Why SQL Breaks for Relationship Queries#
The LinkedIn Problem#
You're building LinkedIn's "People You May Know" feature. You have two tables:
users table friendships table
id | name user_id | friend_id
----|------ --------|----------
1 | Alice 1 | 2
2 | Bob 1 | 3
3 | Charlie 2 | 4
4 | David 3 | 5
To find Alice's direct friends — 1 hop — simple:
To find friends-of-friends — 2 hops — you need a join:
SELECT f2.friend_id
FROM friendships f1
JOIN friendships f2 ON f1.friend_id = f2.user_id
WHERE f1.user_id = 1;
Tracing through this with actual data:
Pass 1 (f1) — find Alice's friends:
user_id=1 → friend_id=2 (Bob)
user_id=1 → friend_id=3 (Charlie)
Pass 2 (f2) — find friends of Bob and Charlie:
Bob (id=2) → friend_id=4 (David)
Charlie (id=3) → friend_id=5 (someone else)
Result: David and that someone — friends-of-friends of Alice
This works fine on a small table. The problem arrives at scale.
The Exponential Join Problem#
LinkedIn has 900 million users. The friendships table has billions of rows.
Each join reads the entire friendships table again:
1 hop → 1 table scan (fast)
2 hops → 2 table scans (manageable)
3 hops → 3 table scans (slow)
4 hops → 4 table scans (minutes)
5 hops → 5 table scans (unusable)
And it gets worse — each scan returns more rows than the last, because the fan-out grows with each hop. Alice has 500 friends → each has 500 friends → 250,000 friend-of-friends → each has 500 friends → 125 million nodes at 3 hops.

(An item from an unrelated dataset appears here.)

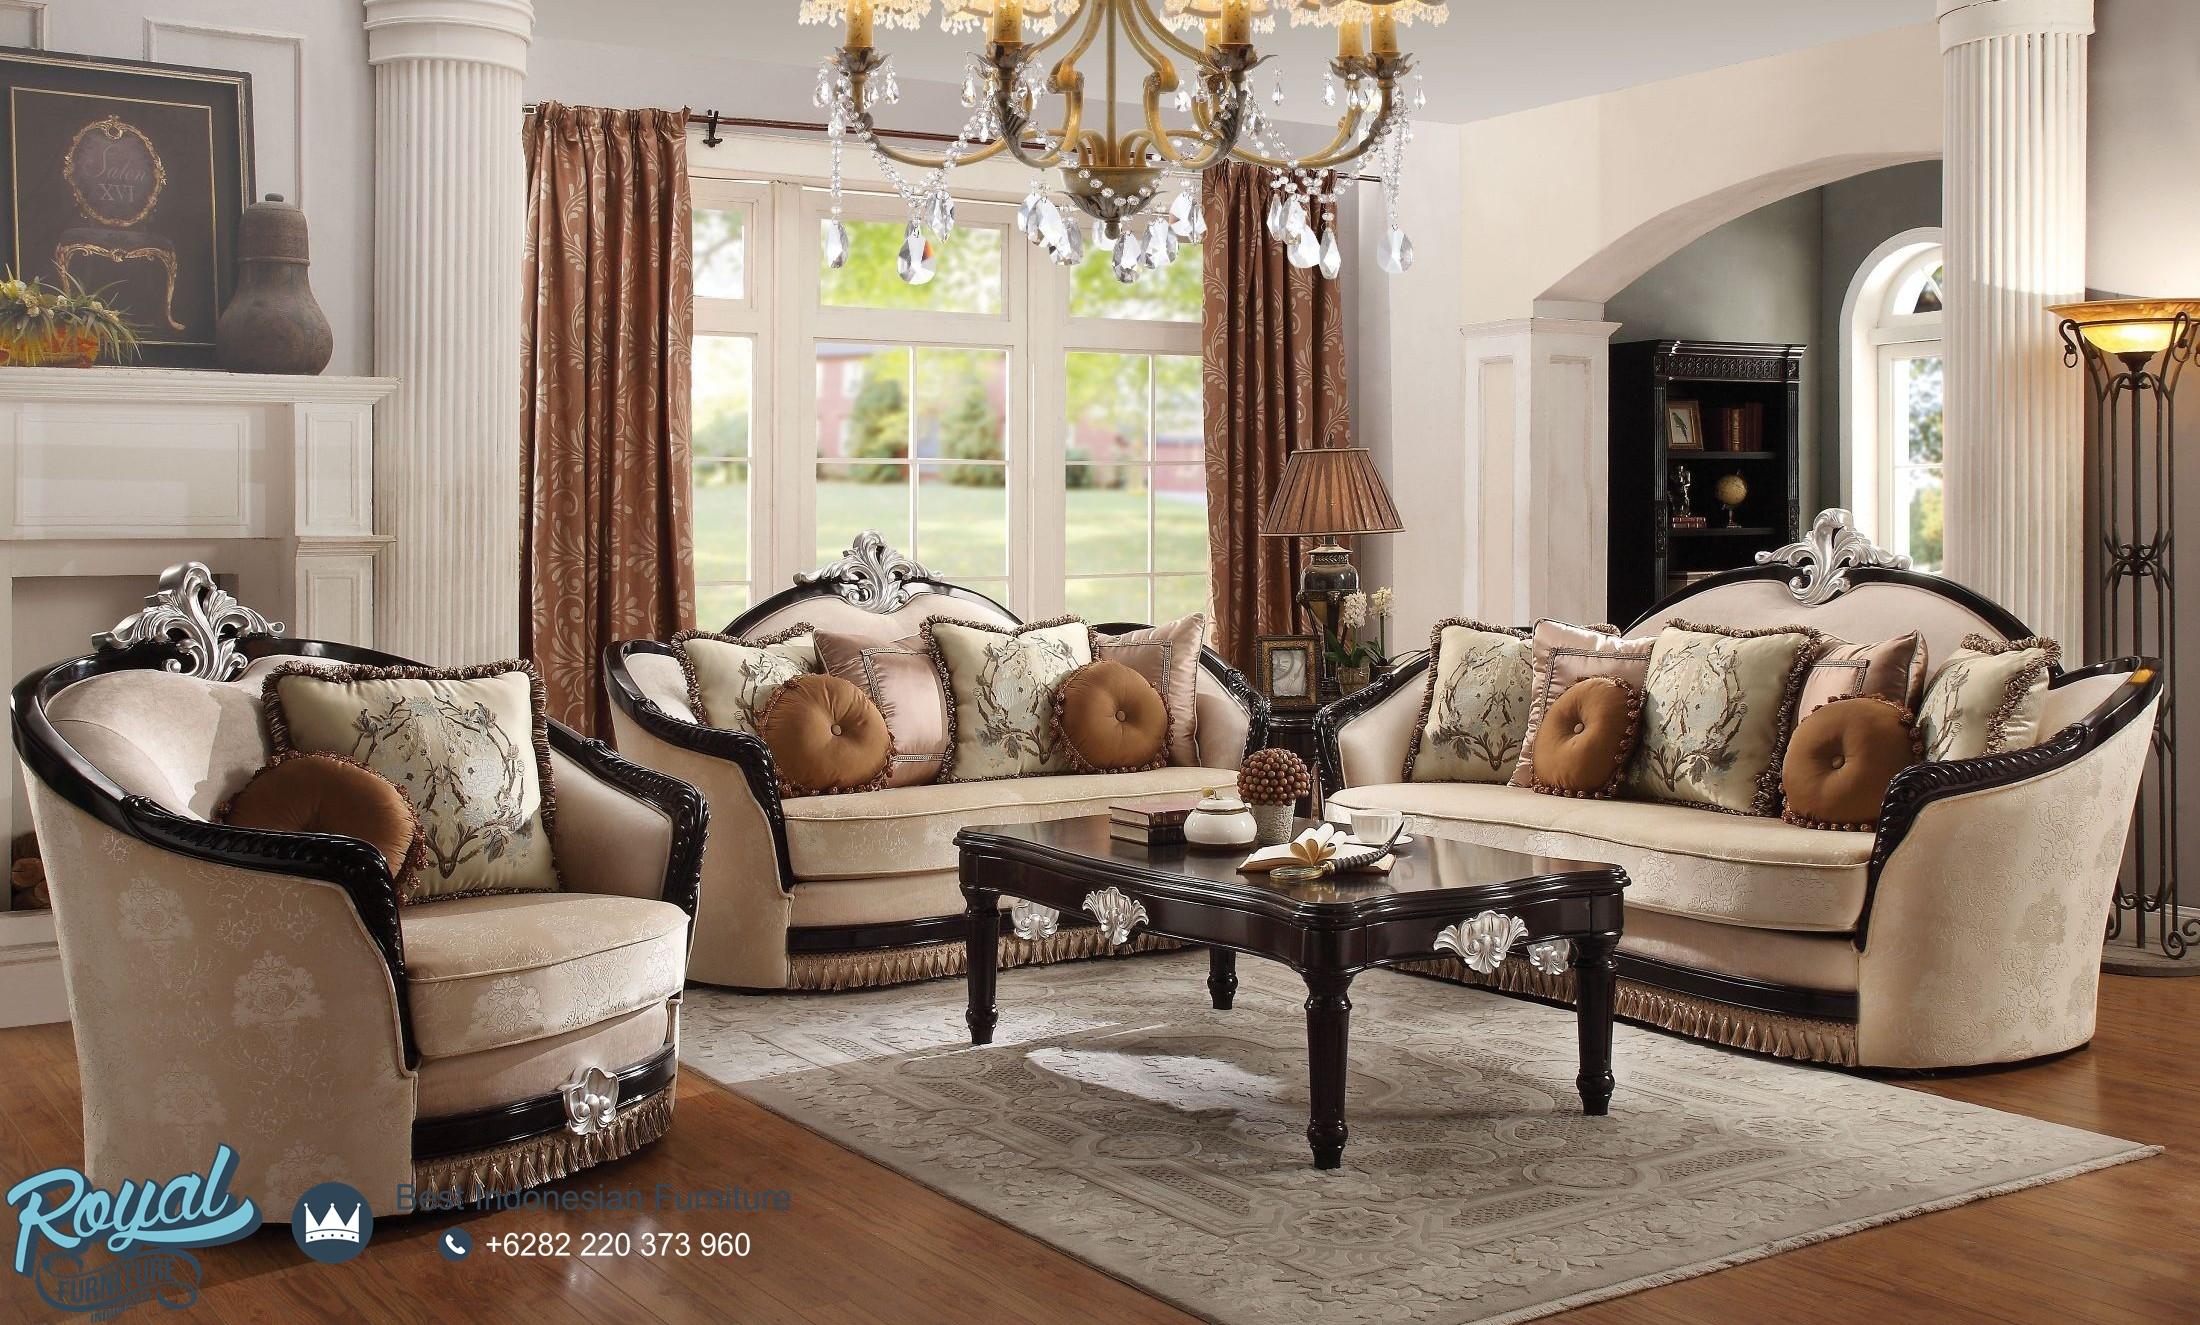 Desain Sofa Tamu Jati Ukiran Jepara Klasik Mewah Terbaru Acme Antique, kursi tamu mewah jepara, sofa mewah kayu jati, harga kursi jepara mewah, harga sofa tamu jepara murah, kursi ukir jati jepara, kursi tamu mewah jati terbaru, sofa mewah minimalis, sofa ruang tamu mewah modern, sofa mewah terbaru, desain sofa tamu mewah klasik, sofa tamu mewah modern, sofa tamu jepara terbaru elegan, sofa mewah minimalis terbaru,kursi tamu mewah kualitas terbaik, sofa mewah klasik kulit, kursi tamu mewah, set sofa tamu mewah klasik, set sofa tamu mewah, set sofa kursi tamu mewah, set sofa tamu mewah terbaru, sofa tamu jepara terbaru 2020, model sofa tamu ukiran jati jepara,mebel jepara, furniture jepara, toko furniture jepara, furniture jepara store, royal furniture jepara

A 3-hop SQL query on LinkedIn's friendships table could take minutes — completely unusable for a real-time feature.
The root cause
SQL stores relationships as rows. To traverse a relationship, you scan a table. More hops = more scans. The cost grows with both the number of hops AND the size of the table. Neither scales.
Why This Is a Data Model Problem, Not Just a Performance Problem#
You could add indexes, partition the friendships table, throw more hardware at it. It helps at 2 hops. It doesn't fundamentally fix 5+ hops.
The problem is that SQL was never designed for relationship traversal. A row in the friendships table has no direct connection to the user it points to — the database has to look it up every single time via an index or scan.
What you actually need is a data model where relationships are first-class citizens — stored with direct connections to the nodes they link, so traversal is just following a pointer rather than scanning a table.
That's exactly what a graph database provides.